Banks may be forced to pay a further £18bn to consumers in payment protection insurance (PPI) claims ahead of the August 2019 deadline, following miscalculations by the Financial Conduct Authority.
As banks begin to issue letters on PPI to consumers, legal precedent could see potential payouts soar, according to research from barristers’ chambers St John’s Buildings.
Following the landmark 2014 Plevin case, the FCA ruled that consumers are eligible for compensation on any PPI claim with commission above 50 per cent, with the average policy comprised of 67 per cent.
The research conducted by St John’s Buildings reveals that this 50 per cent ‘tipping point’ ignores the legal precedent. Appeals from the 2014 Plevin case have resulted in a ruling that banks are obliged to pay claimants the full percentage of their mis-sold PPI policies, including interest.
With the average commission percentage on PPI policies standing at 67 per cent, the legal ruling sees the potential exposure to the banks nearly quadruple. An estimated 50 million PPI policies have been sold since April 2008, with FCA estimates suggesting that 10 million new claims are expected to be brought.

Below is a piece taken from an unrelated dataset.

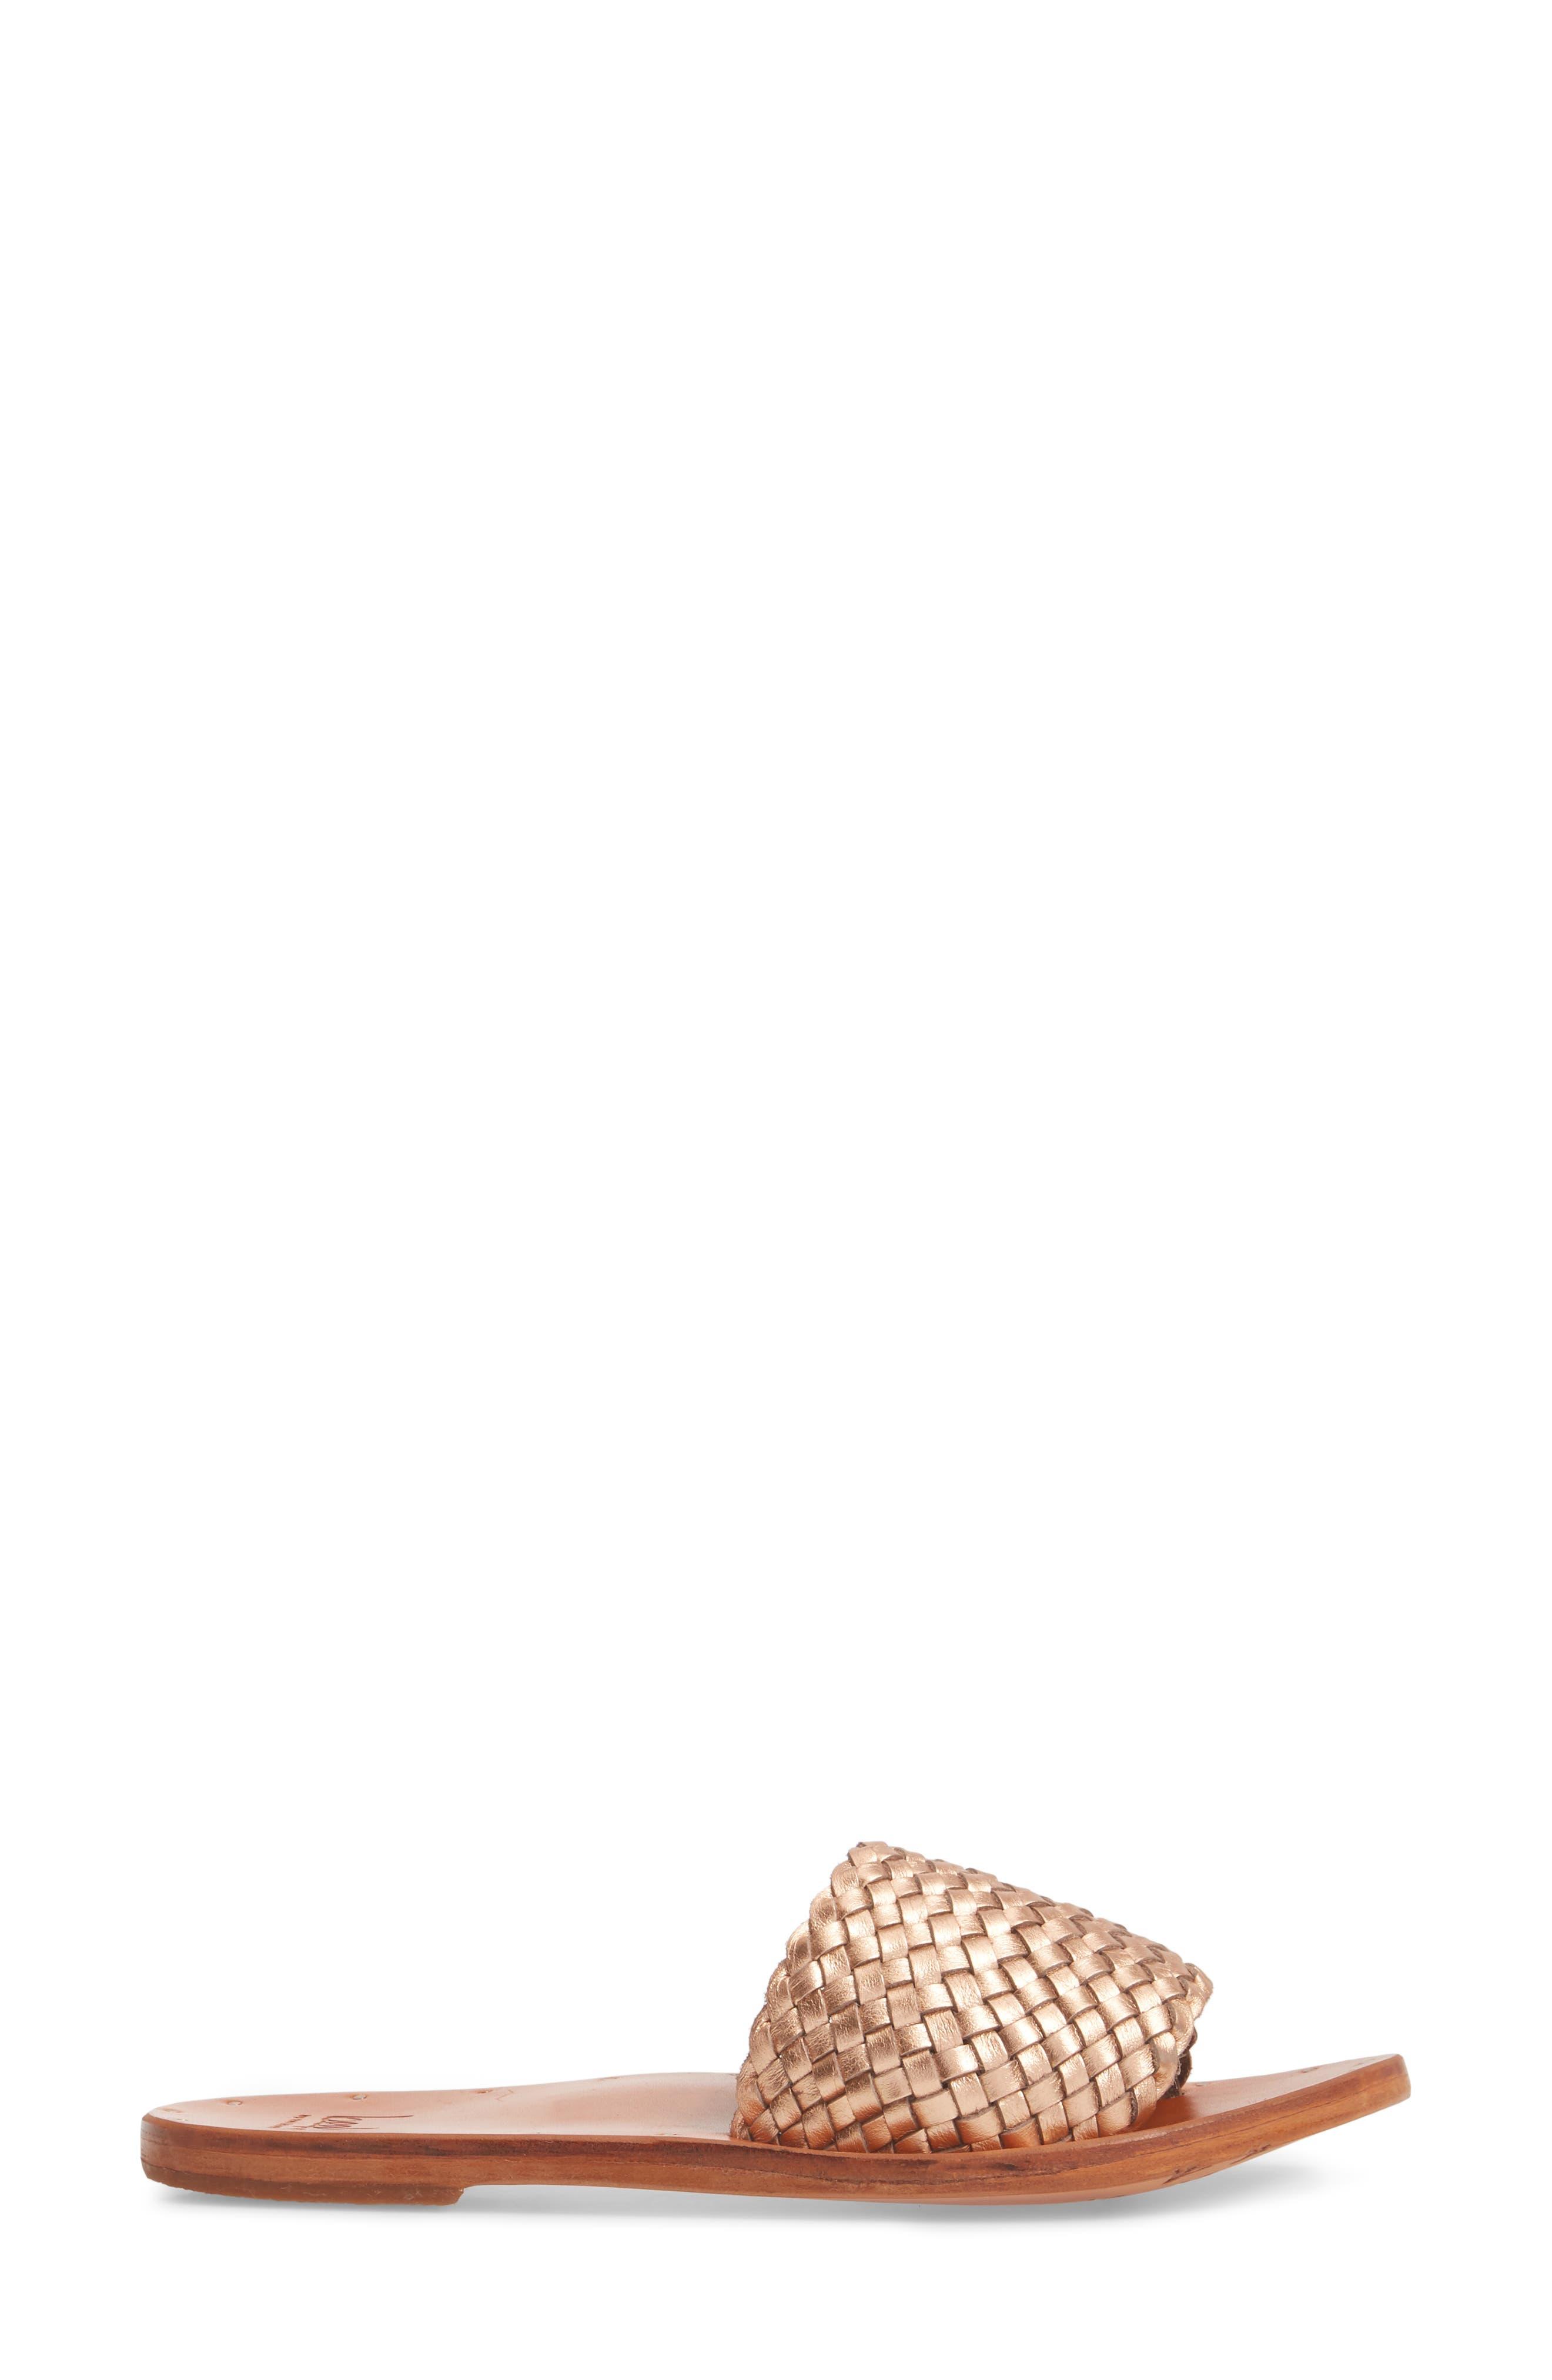 Osprey Woven Slide Sandal,                             Alternate thumbnail 3, color,                             710

The average PPI payout of £2,750 should result in compensation of £1,842 where calculated in line with the court decisions – a monumental rise on the £467 being paid by the banks under the guidance provided by the FCA. Further increases to the figure would also occur once the profit-share element is calculated, which could add a further £400-600 per claim.
This would result in a total exposure of at least £18.42bn – a 300 per cent rise on the £4.6bn estimated by the FCA.
St John’s Buildings barrister Elis Gomer said: “Consumers could be forgiven for asking whose side the FCA is on. These figures reveal that the UK public are being misled by the banks, with potential compensation on average four times the amount suggested by the body supposedly looking after consumers.
“The question must be asked: what is the FCA’s objective in providing its Plevin guidance, and is it consistent with its strategic objective to ‘secure an appropriate degree of protection for consumers’? On first glance it appears not, and following similar failings by other financial organisations, a wider investigation into advisory services may be warranted.
“For any consumer that has received a letter from their bank offering them a PPI settlement, it is important that you seek immediate legal advice, as they will be able to help you better understand what you may be entitled to. As we have seen, the figures show that the true value of a claim is significantly higher.”